The most significant way for communities to unite around a cause today is to:

  • Focus on what we all have in common.

  • Create win-win partnerships.

  • Listen to potential partners to understand their needs.

  • Identify the constituency of people and organizations that want you to succeed and invite them to the table to participate.

  • Celebrate success.

  • Create ways to work together physically.

  • And to always give others credit. The biggest lesson Bolling has for emerging leaders is to be a good listener. Listen to those you want to serve and those who want to help. From there, you can:

  • Learn the language and needs of businesses, government, non-profits, civic organizations, and individuals.

  • Focus on what creates unity vs. division.

  • Create and nurture a supportive and diverse community around your efforts.

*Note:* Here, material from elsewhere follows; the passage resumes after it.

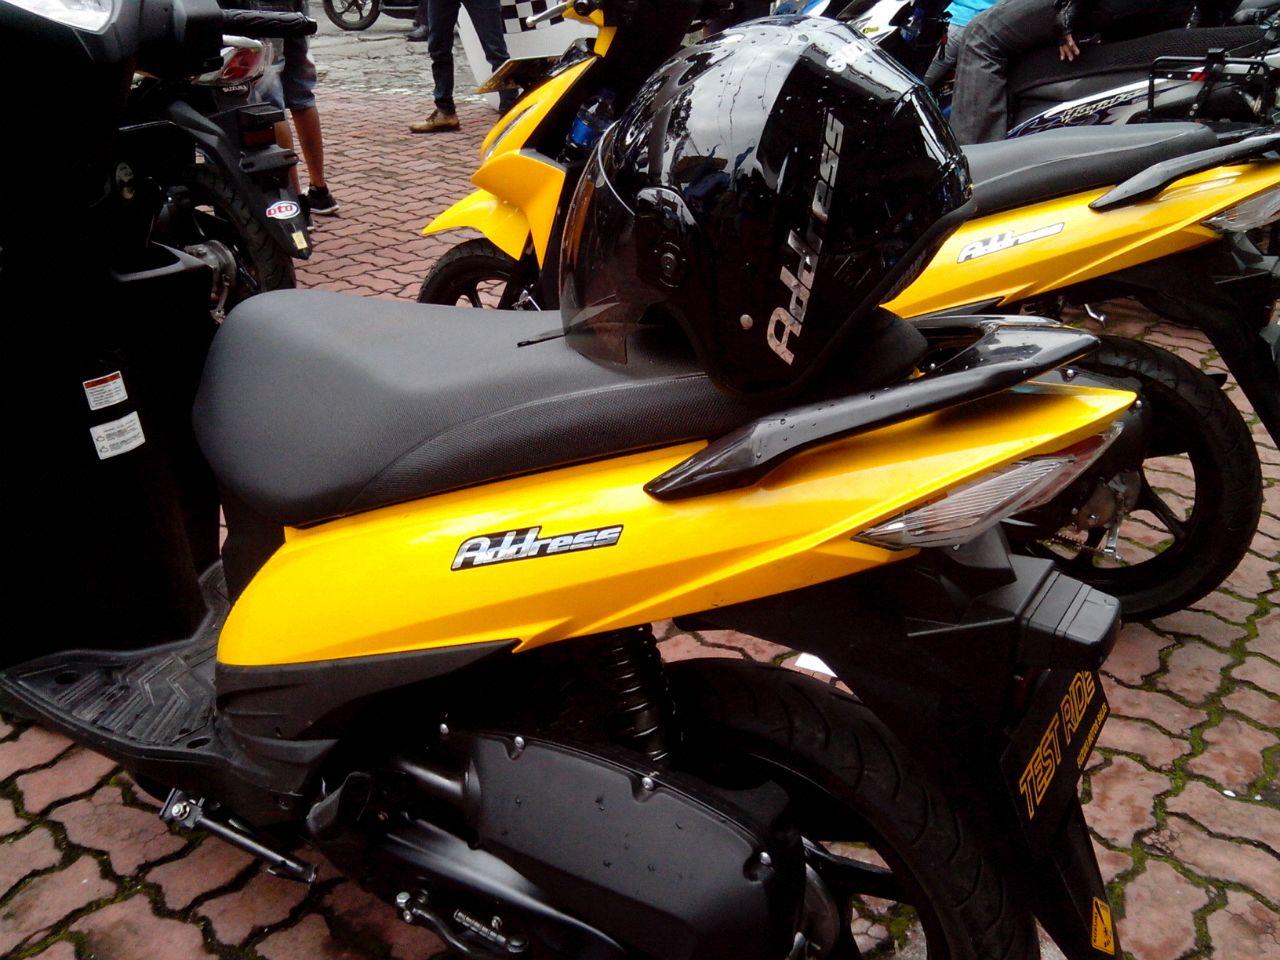 Modifikasi Motor Mio Warna Kuning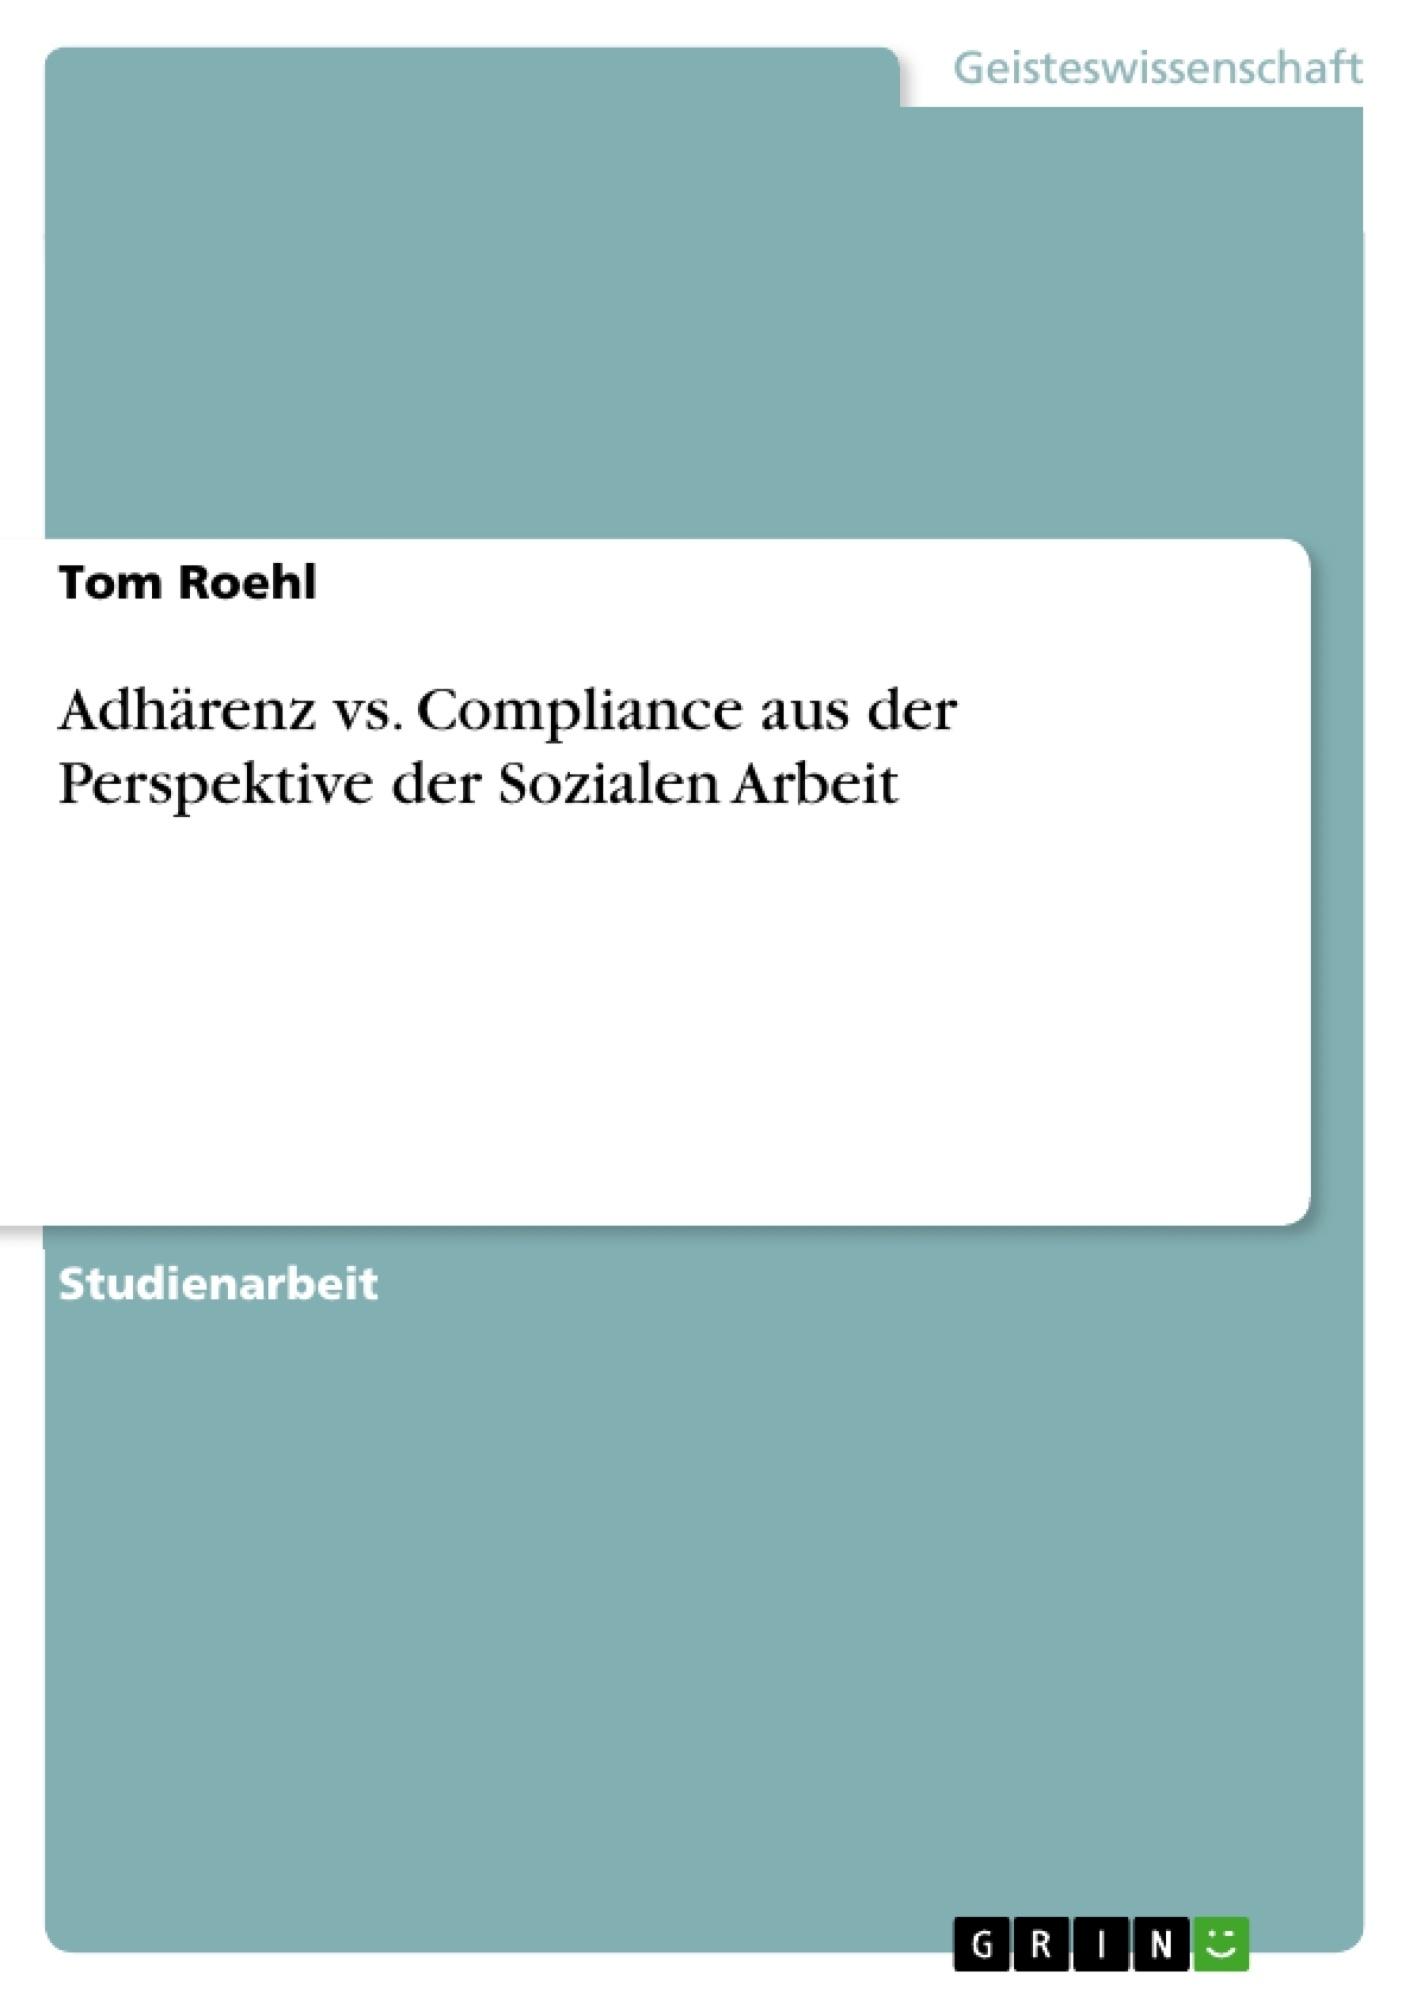 Titel: Adhärenz vs. Compliance aus der Perspektive der Sozialen Arbeit

  • Measure yourself by how faithful you are to your calling vs. the output of your efforts.

  • Create an environment that is safe and respects and celebrates differences.

  • Create a unifying theme that connects all aspects of your life and work.

  • And learn to sustain and stay strong through challenging times. This requires one to do interior work to know what inspires and sustains their efforts.

If Bolling could talk to his younger self, he would say that to sustain your ideals over a lifetime, you need to stay strong in your body, heart, and soul. For one’s calling to serve can only be sustained by the community one surrounds themselves with. And to be in it for the long haul, one must stay faithful to their deepest calling.